What the task requires
Pictures stay out of the copy, and everything else in the data below is repeated exactly.

[Opening Recorded data section]

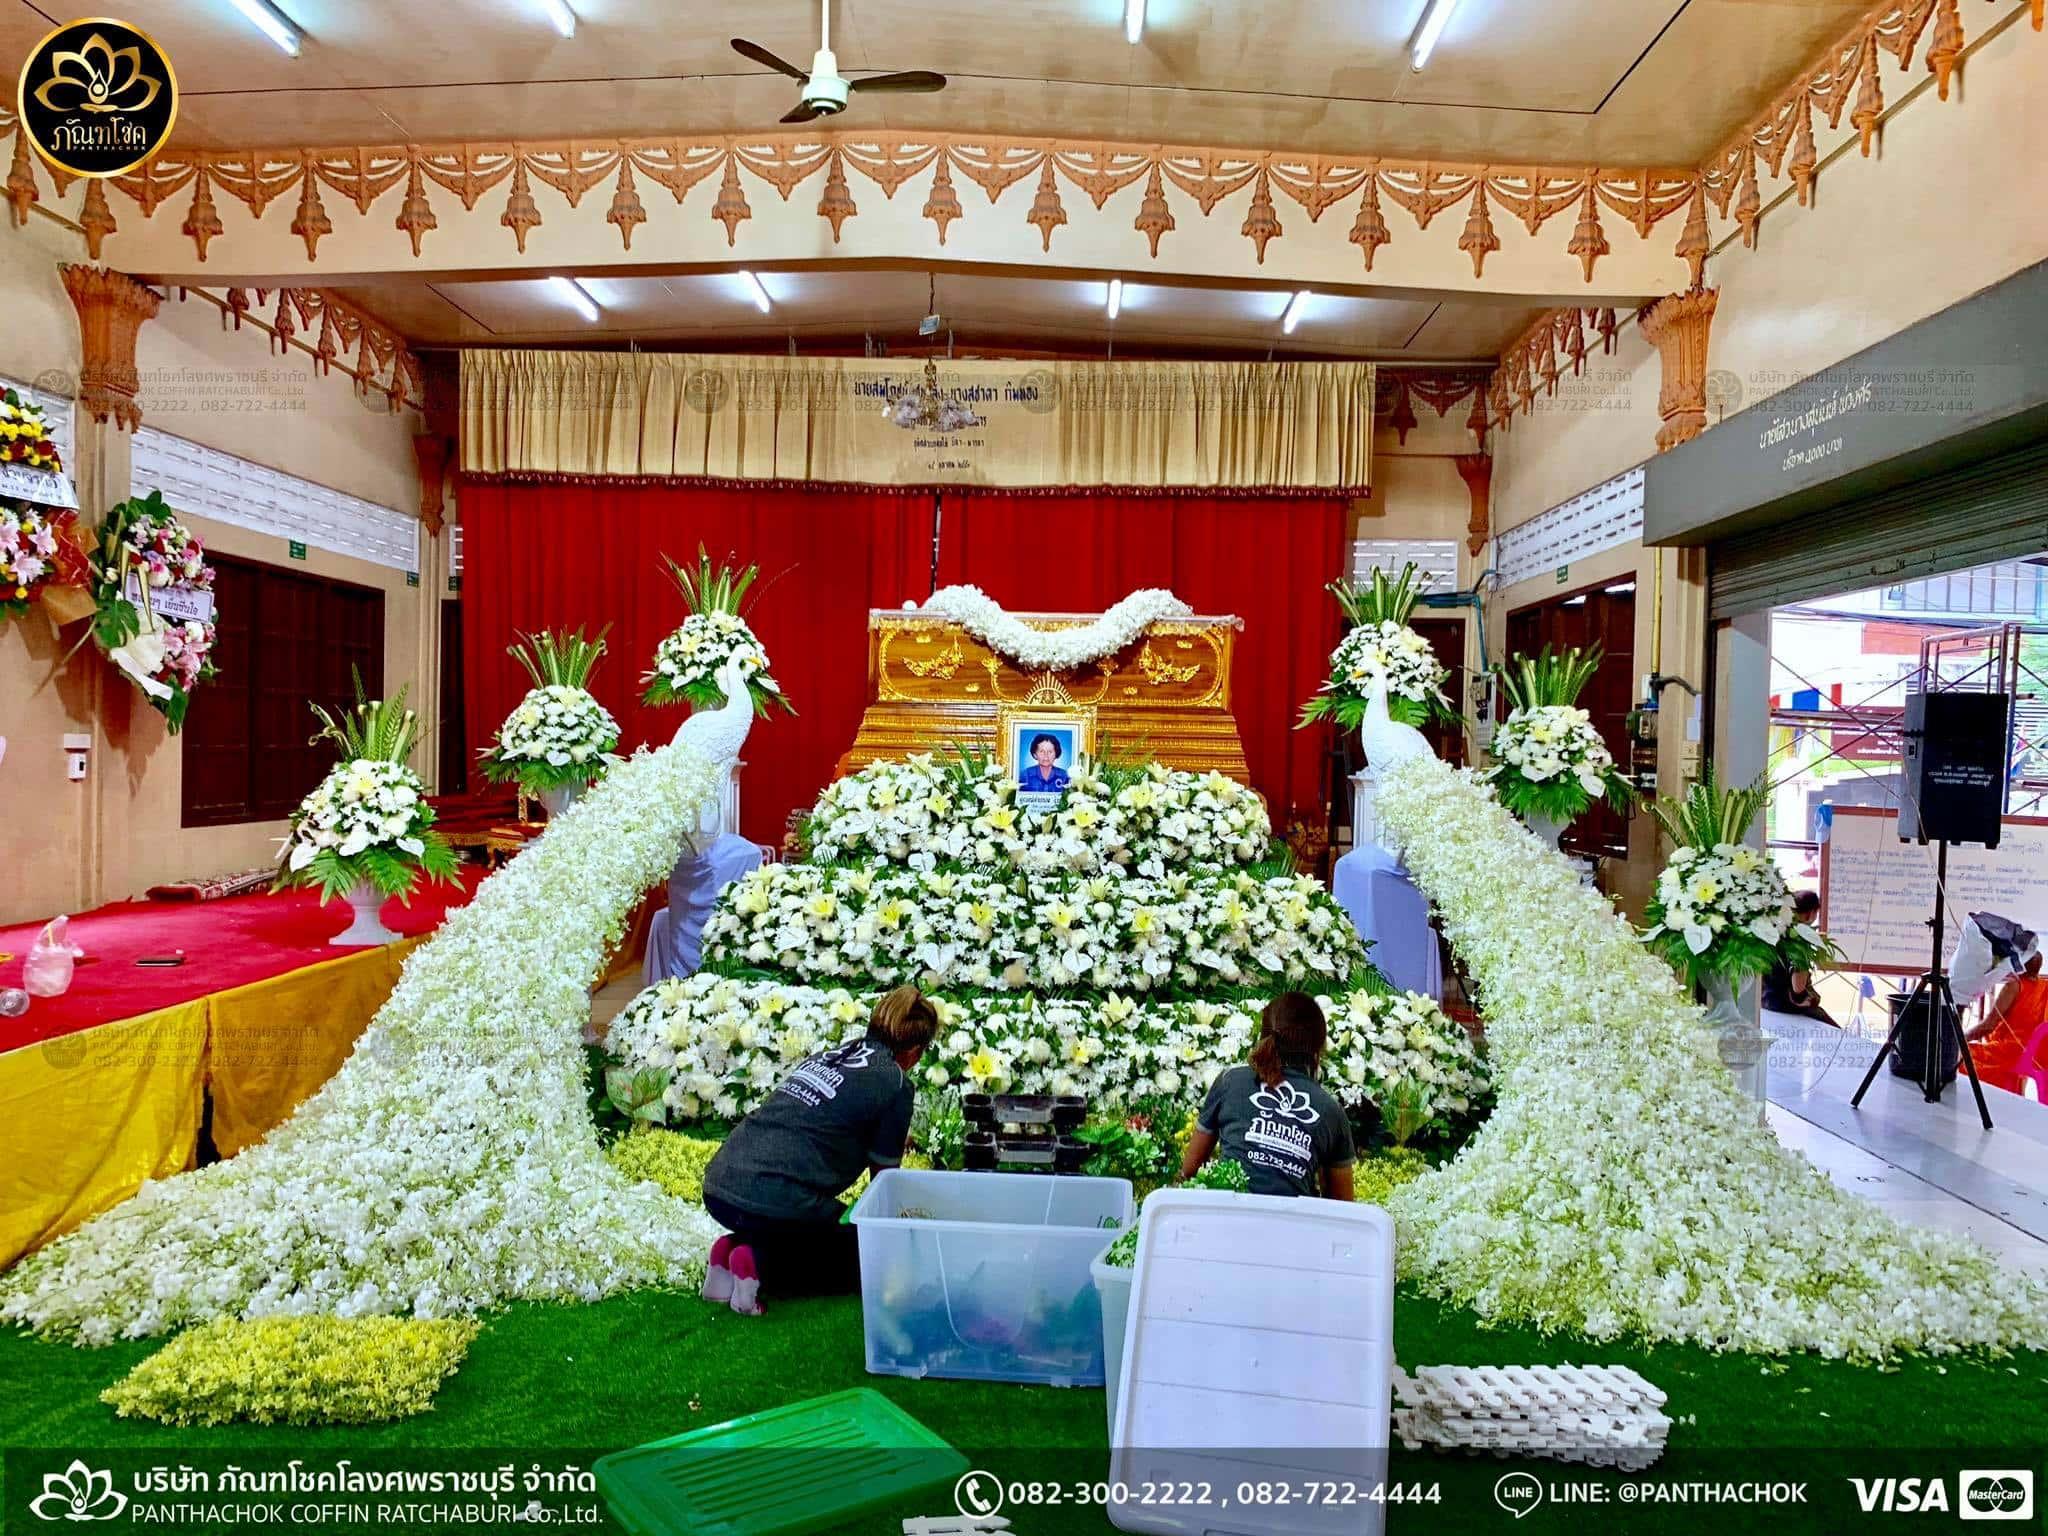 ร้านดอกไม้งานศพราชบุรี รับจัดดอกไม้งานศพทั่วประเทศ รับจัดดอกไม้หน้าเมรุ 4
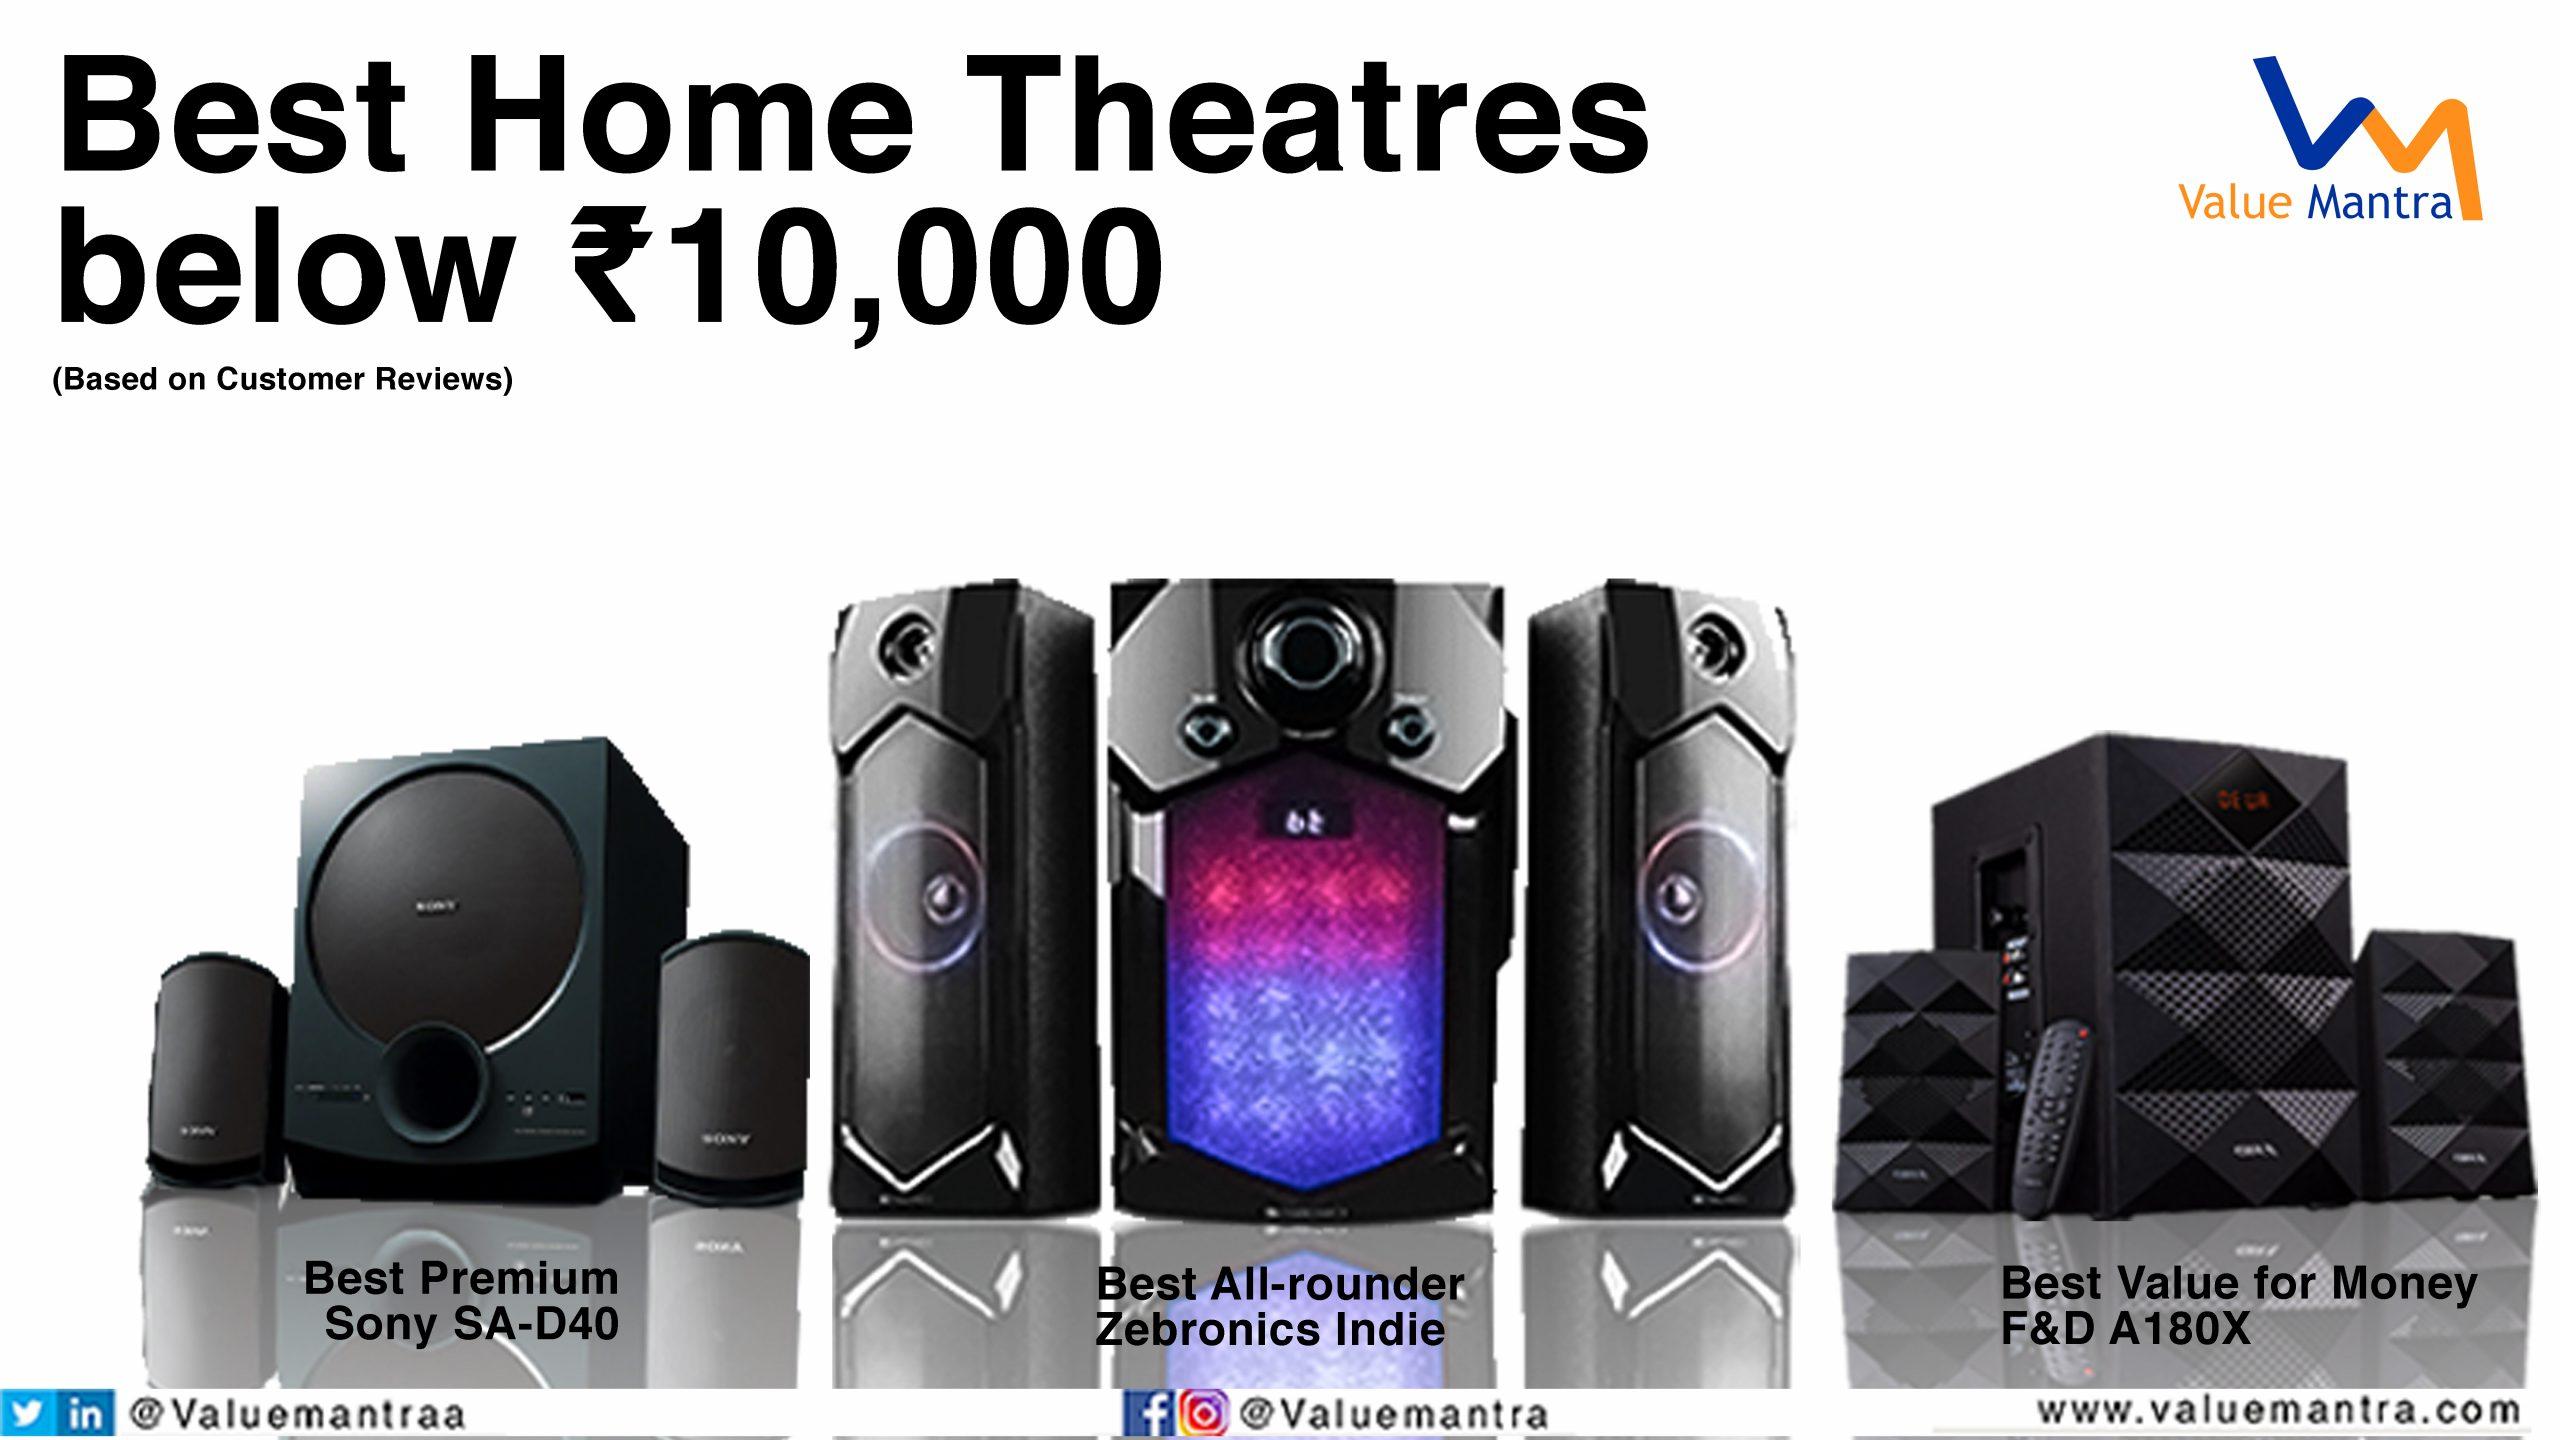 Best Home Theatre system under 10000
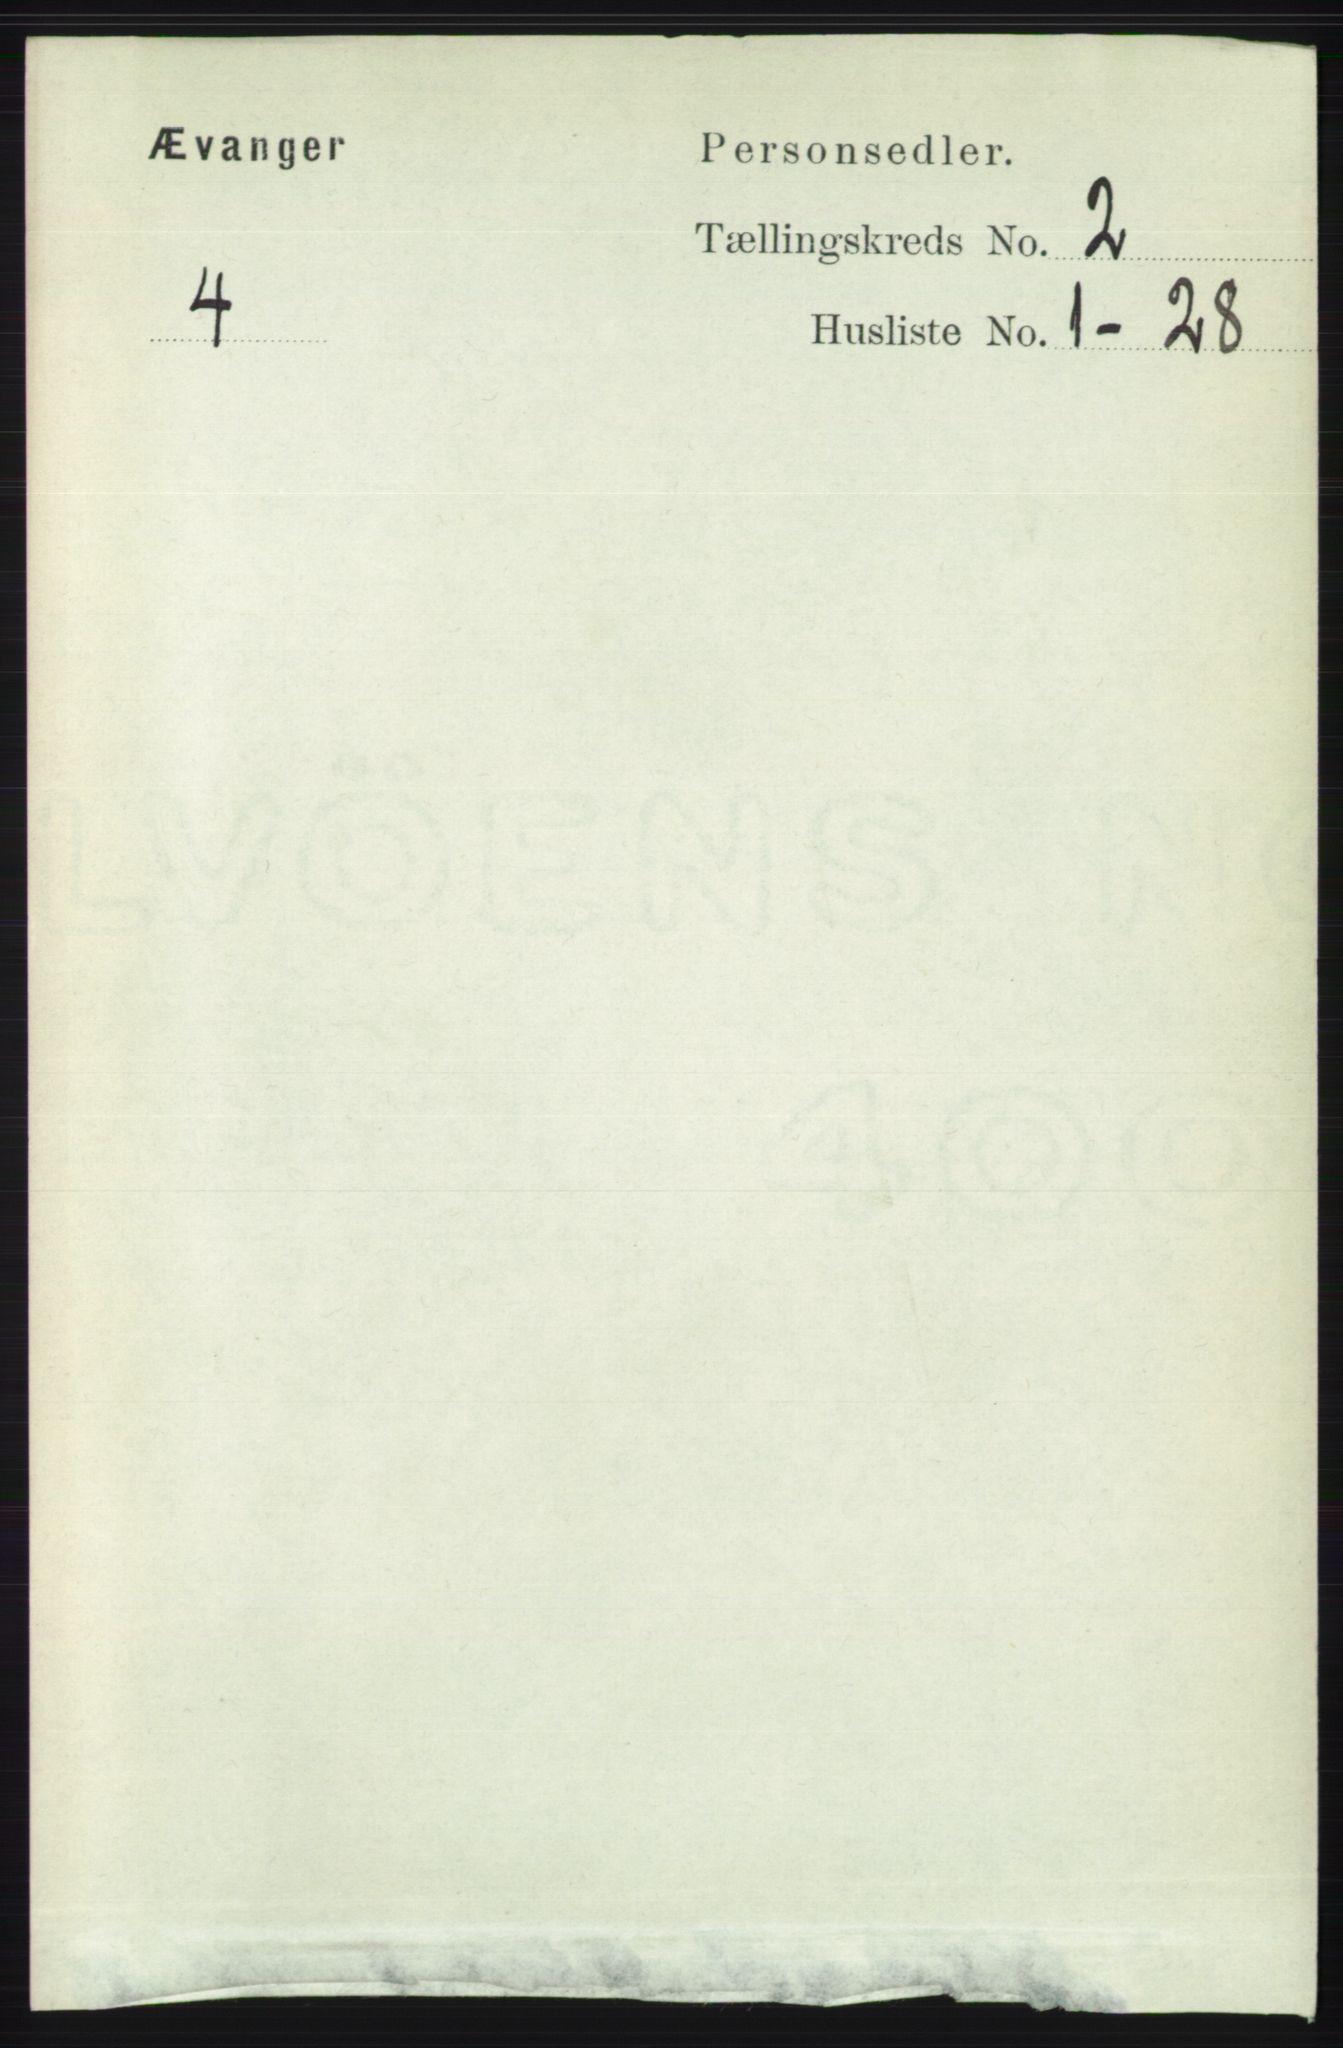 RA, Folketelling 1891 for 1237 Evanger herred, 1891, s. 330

[Closing Recorded data section]

Answer to this task
 ร้านดอกไม้งานศพราชบุรี รับจัดดอกไม้งานศพทั่วประเทศ รับจัดดอกไม้หน้าเมรุ 4
 Best Home Theatre system under 10000
 RA, Folketelling 1891 for 1237 Evanger herred, 1891, s. 330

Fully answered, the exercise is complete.